Among the two major types of diabetes, type 1 diabetes mellitus (T1DM) is an autoimmune disorder which is characterized by the attack of the body’s immune cells on insulin-producing β cells in the islets of Langerhans of the pancreas [3]. In contrast, type 2 diabetes mellitus (T2DM) is characterized by either insufficient synthesis of insulin or by insulin resistance at the receptor level which leads to build-up of the glucose in the blood [4].
T2DM majorly accounts for 90–95% of the diabetic cases and is result of mainly excess body weight and physical inactivity. This can be controlled by oral medication and change in lifestyle. Very few cases need insulin administration in T2DM. Whereas, in T1DM, which accounts for 5–10% of total diabetic cases, there occurs destruction of pancreatic β-cells, culminating in absolute insulin deficiency. Diabetic complications in such cases continue to be a major cause of morbidity and mortality [5].

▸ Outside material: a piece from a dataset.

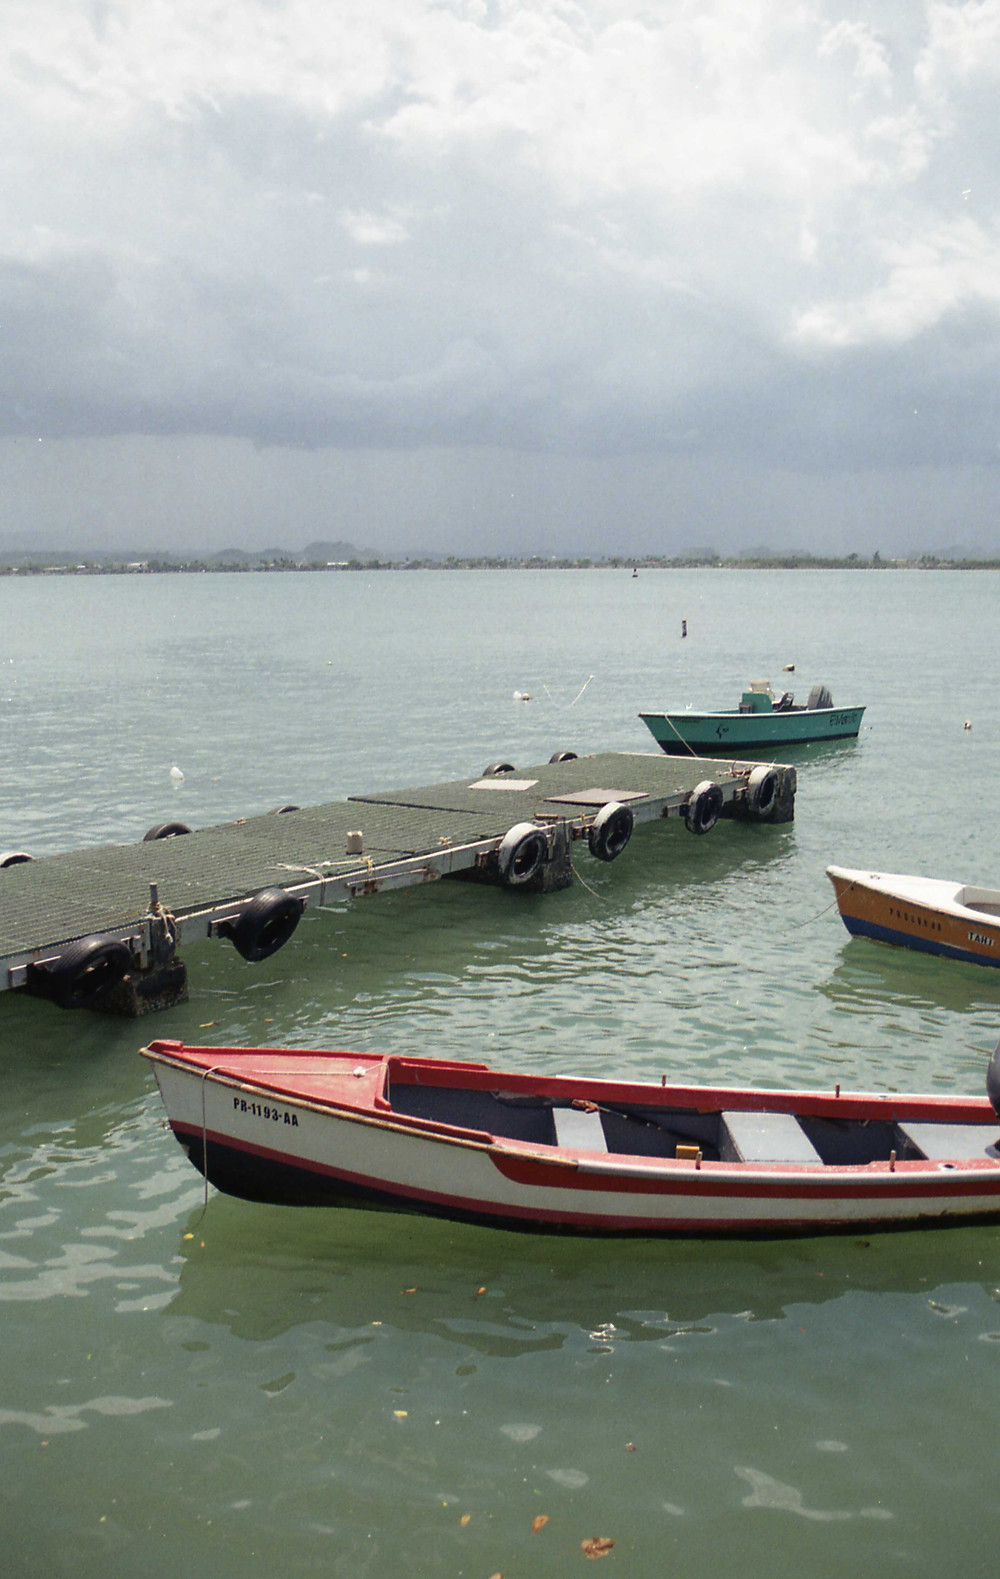 Fishing boats in Old San Juan, Puerto Rico

At present, exogenous insulin therapy is the most reliable treatment for managing hyperglycemia caused by T1DM. However, its short life span and cost has come up as limiting factor for this treatment. The short life span of insulin makes it very difficult to keep constant control over glucose level using insulin and hence, its administration becomes critical [6, 7]. Thus, insulin therapy only acts as a life saving measure, but it is not the cure. Therefore, alternative therapies to cure diabetic patients with insulin deficiency have become the major focus of research over past few years. One potential therapy for diabetic patients is infusion of donor islets of Langerhans into the hepatic portal vein. In this procedure, islets containing the insulin-secreting β cells are transplanted from a cadaveric donor to the patient. This procedure has been found successful in relieving T1DM patients from insulin therapy to some extent. However, there exists variation in quality of donor cells which further leads to variations in the success of results. Moreover, it is evident that the limited supply of cadaveric donor islets cannot meet the requirement of ever increasing number of diabetic cases in today’s population [8, 9]. Furthermore, apart from the shortage of organ donor and need for immunosuppressants, this method poses several challenges such as technical difficulties involved in isolation, culture and characterization of islets. In this scenario, stem cell transplantation has emerged as an attractive and promising alternative method for diabetic treatment. It has become major focus for diabetic treatment since last few decades [9].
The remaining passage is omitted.